I unplugged it. I shoved it under my shirt.
I crawled out of the space. I closed the panel.
I stood up in the closet. My legs were shaking.
I walked into the bedroom.
The door to the hallway was open.
Light spilled in from the landing.
I walked to the stairs.
Graham was sitting in the living room below. He was sitting in his armchair, sipping tea.
The Replacement was sitting on the sofa. She was wearing the white dress.
She looked up at me.
"Hi," she said. Her voice was a perfect mimic of mine. "We've been waiting for you."
Graham looked up. He smiled.
"Merritt," he said. "Come join us. We're doing a table read for Saturday."
I gripped the banister.
"I'm not doing this," I said.
"Oh, you are," Graham said comfortably. "Because if you don't... well, we have to go with the alternate ending."
"What's the alternate ending?"
"The one where you don't go to Northlake," he said. "The one where you have a tragic accident on the stairs."

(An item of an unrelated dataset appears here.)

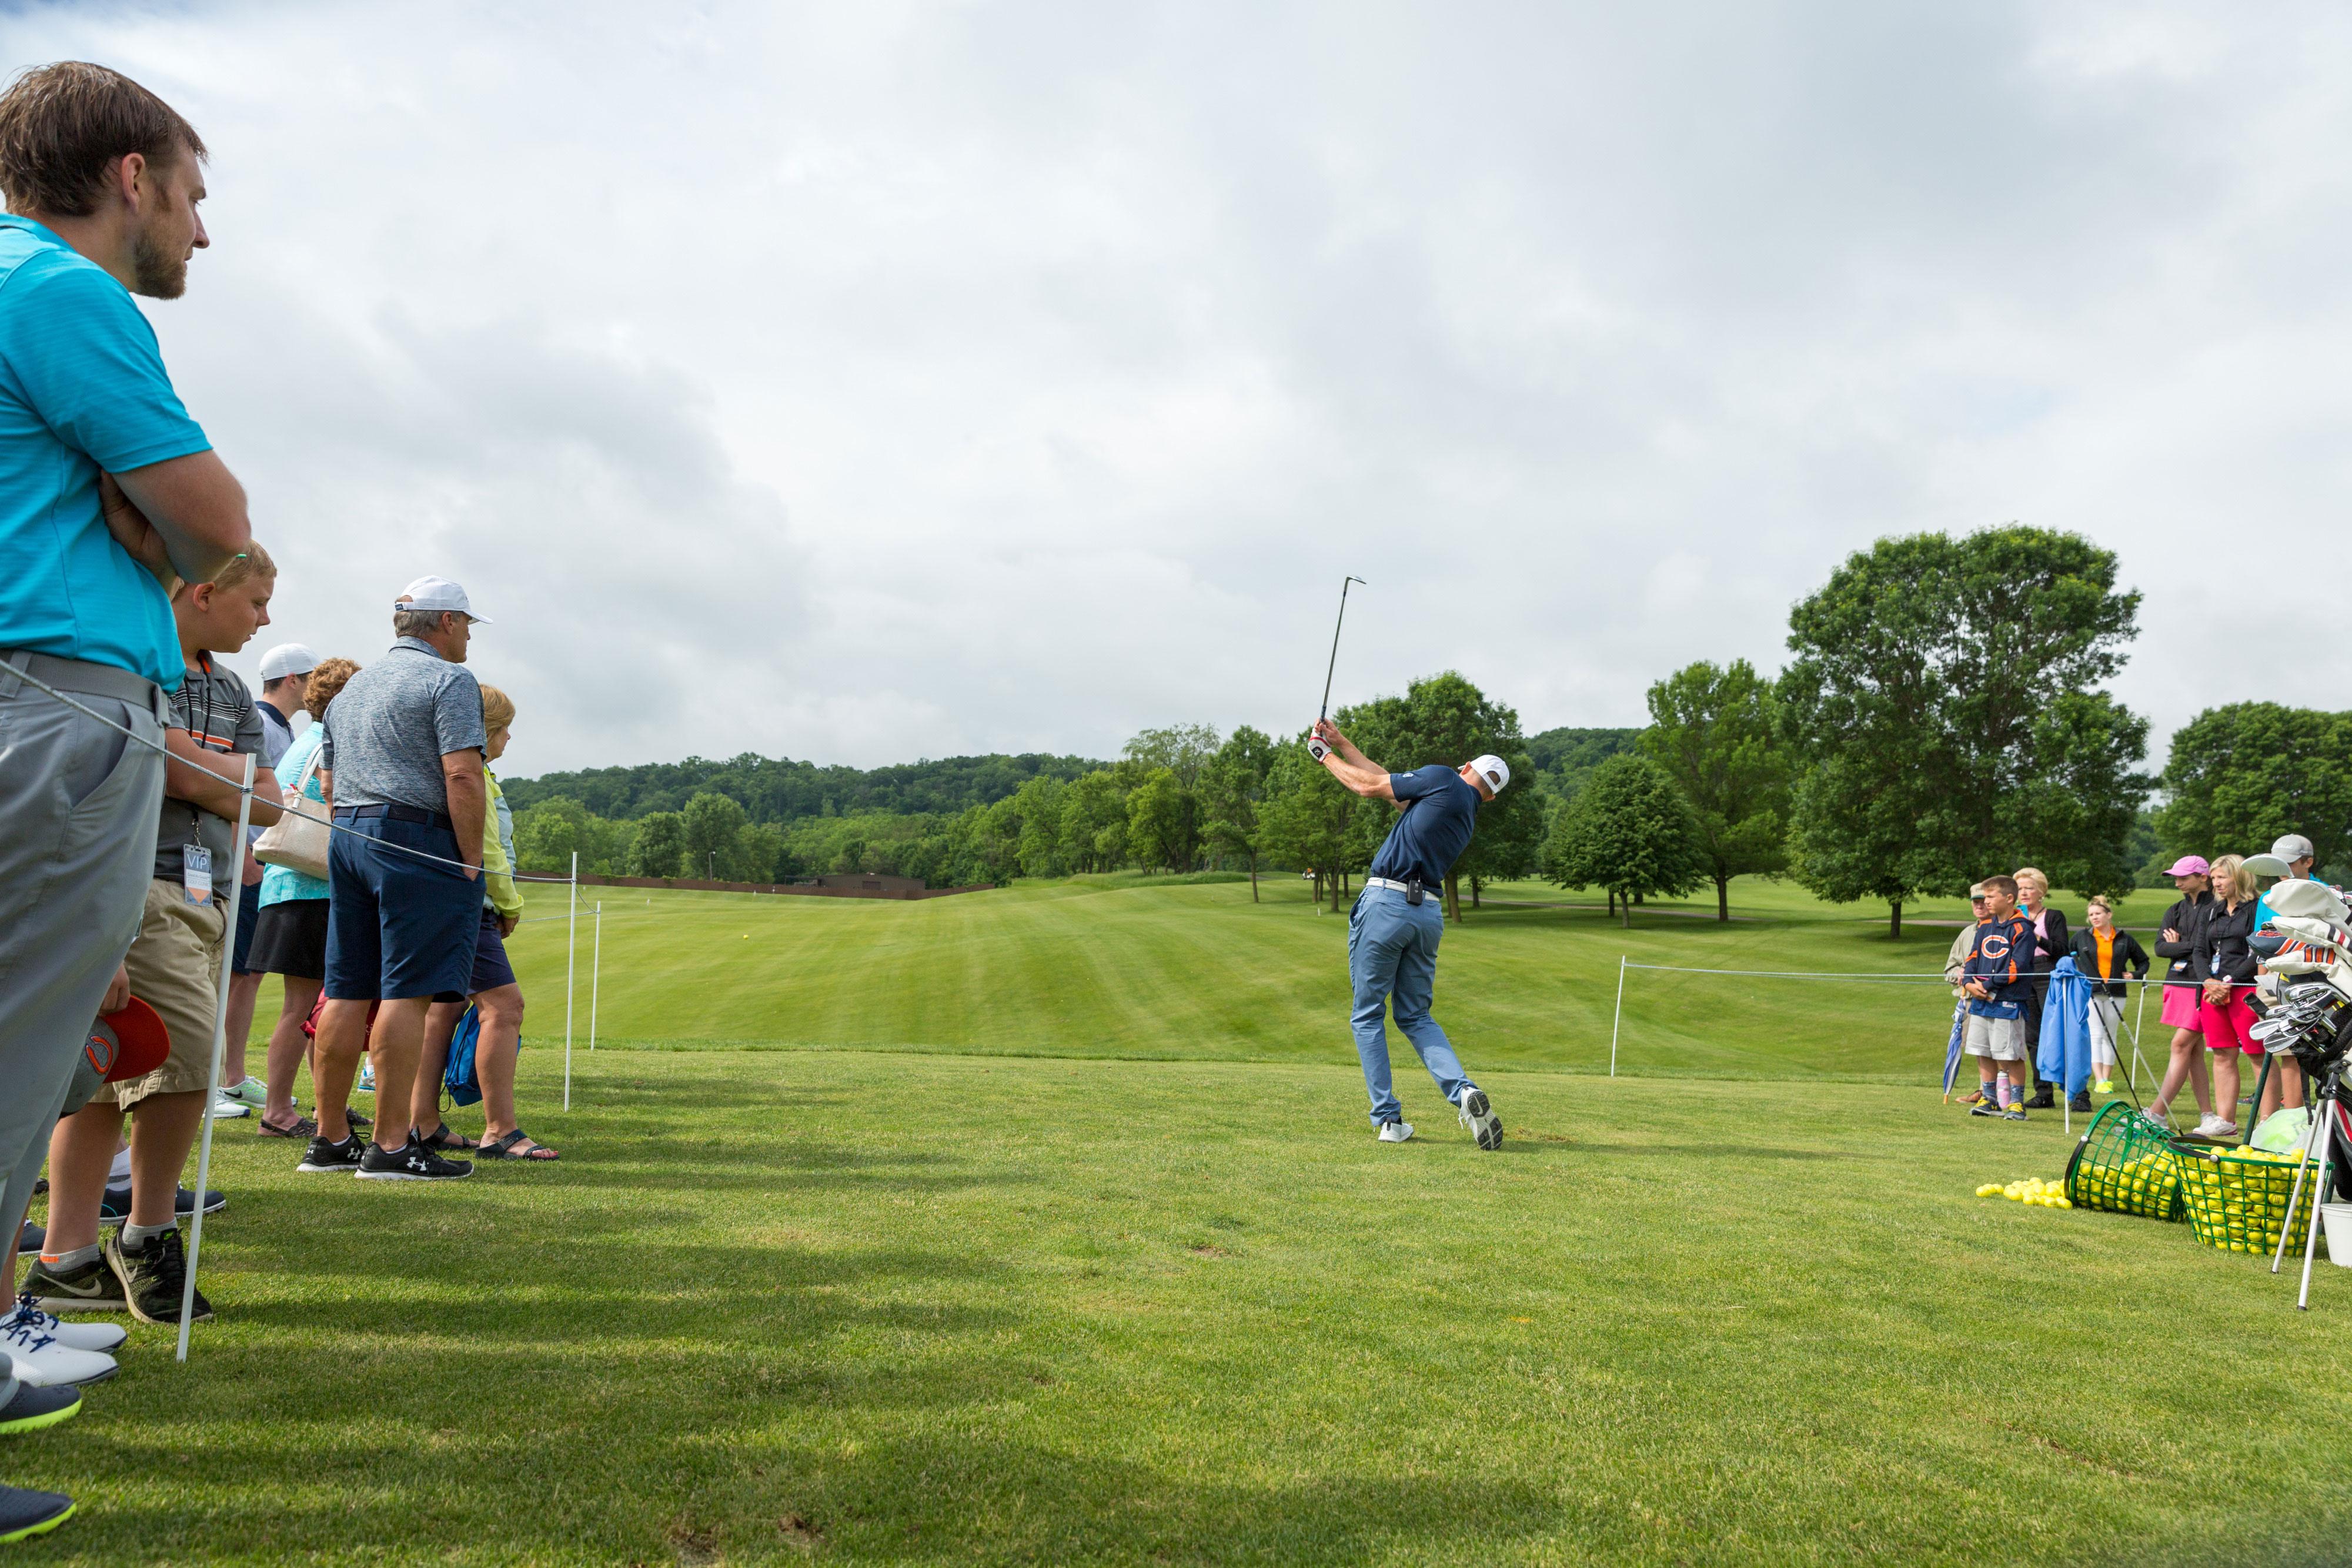 Robbie-Gould-Golf-Clinic-016-smaller

He gestured to the fishing line I had strung earlier.
"You really should be more careful with your traps, honey," he said. "Someone could get hurt."
He held up a pair of scissors.
*Snip.*
He cut the line.
"Come down," he said. "Let's rehearse."
I looked at them. The husband who wanted to own me. The woman who wanted to be me.
I looked at the front door. It was bolted.
I looked at the back door. Locked.
I was trapped in a house with two monsters.
But I had something they didn't know about.
I had the iPad.
And I had Toby.
I walked down the stairs. Slowly.
"Okay," I said. "Let's rehearse."
I sat in the chair opposite them.
"Scene one," Graham said. "The arrival. You greet the guests. You look... fragile. But hopeful."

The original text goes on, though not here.